▶ [What the exercise asks]: Your response should consist of every record, exactly as given.

*** Opening Exercise input ***

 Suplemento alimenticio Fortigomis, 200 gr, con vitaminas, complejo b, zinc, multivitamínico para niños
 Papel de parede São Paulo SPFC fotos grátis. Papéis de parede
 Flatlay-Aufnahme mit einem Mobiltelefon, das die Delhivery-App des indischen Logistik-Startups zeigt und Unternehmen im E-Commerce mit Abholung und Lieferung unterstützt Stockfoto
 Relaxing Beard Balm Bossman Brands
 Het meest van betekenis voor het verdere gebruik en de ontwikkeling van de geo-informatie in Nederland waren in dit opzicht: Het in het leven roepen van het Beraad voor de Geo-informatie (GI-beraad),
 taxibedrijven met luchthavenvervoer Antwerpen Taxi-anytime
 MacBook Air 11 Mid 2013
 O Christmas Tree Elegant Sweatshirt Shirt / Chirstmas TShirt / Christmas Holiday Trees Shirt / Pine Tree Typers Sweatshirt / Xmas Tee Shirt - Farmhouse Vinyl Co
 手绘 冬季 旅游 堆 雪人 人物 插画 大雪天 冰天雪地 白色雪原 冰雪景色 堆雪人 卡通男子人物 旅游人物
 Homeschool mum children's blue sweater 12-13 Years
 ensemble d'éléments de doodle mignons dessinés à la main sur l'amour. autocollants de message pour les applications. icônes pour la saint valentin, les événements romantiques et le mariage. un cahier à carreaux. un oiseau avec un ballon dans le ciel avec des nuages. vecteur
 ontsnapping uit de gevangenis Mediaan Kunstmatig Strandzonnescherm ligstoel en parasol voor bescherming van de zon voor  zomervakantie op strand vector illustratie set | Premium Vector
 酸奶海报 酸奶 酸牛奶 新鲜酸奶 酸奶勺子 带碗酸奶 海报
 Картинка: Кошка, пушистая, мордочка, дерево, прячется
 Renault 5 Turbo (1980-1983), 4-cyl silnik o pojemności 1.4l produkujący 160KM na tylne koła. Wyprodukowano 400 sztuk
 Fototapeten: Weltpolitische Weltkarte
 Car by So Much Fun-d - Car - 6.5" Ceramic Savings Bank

*** Closing Exercise input ***

▶ [Result of this task]:
 Suplemento alimenticio Fortigomis, 200 gr, con vitaminas, complejo b, zinc, multivitamínico para niños
 Papel de parede São Paulo SPFC fotos grátis. Papéis de parede
 Flatlay-Aufnahme mit einem Mobiltelefon, das die Delhivery-App des indischen Logistik-Startups zeigt und Unternehmen im E-Commerce mit Abholung und Lieferung unterstützt Stockfoto
 Relaxing Beard Balm Bossman Brands
 Het meest van betekenis voor het verdere gebruik en de ontwikkeling van de geo-informatie in Nederland waren in dit opzicht: Het in het leven roepen van het Beraad voor de Geo-informatie (GI-beraad),
 taxibedrijven met luchthavenvervoer Antwerpen Taxi-anytime
 MacBook Air 11 Mid 2013
 O Christmas Tree Elegant Sweatshirt Shirt / Chirstmas TShirt / Christmas Holiday Trees Shirt / Pine Tree Typers Sweatshirt / Xmas Tee Shirt - Farmhouse Vinyl Co
 手绘 冬季 旅游 堆 雪人 人物 插画 大雪天 冰天雪地 白色雪原 冰雪景色 堆雪人 卡通男子人物 旅游人物
 Homeschool mum children's blue sweater 12-13 Years
 ensemble d'éléments de doodle mignons dessinés à la main sur l'amour. autocollants de message pour les applications. icônes pour la saint valentin, les événements romantiques et le mariage. un cahier à carreaux. un oiseau avec un ballon dans le ciel avec des nuages. vecteur
 ontsnapping uit de gevangenis Mediaan Kunstmatig Strandzonnescherm ligstoel en parasol voor bescherming van de zon voor  zomervakantie op strand vector illustratie set | Premium Vector
 酸奶海报 酸奶 酸牛奶 新鲜酸奶 酸奶勺子 带碗酸奶 海报
 Картинка: Кошка, пушистая, мордочка, дерево, прячется
 Renault 5 Turbo (1980-1983), 4-cyl silnik o pojemności 1.4l produkujący 160KM na tylne koła. Wyprodukowano 400 sztuk
 Fototapeten: Weltpolitische Weltkarte
 Car by So Much Fun-d - Car - 6.5" Ceramic Savings Bank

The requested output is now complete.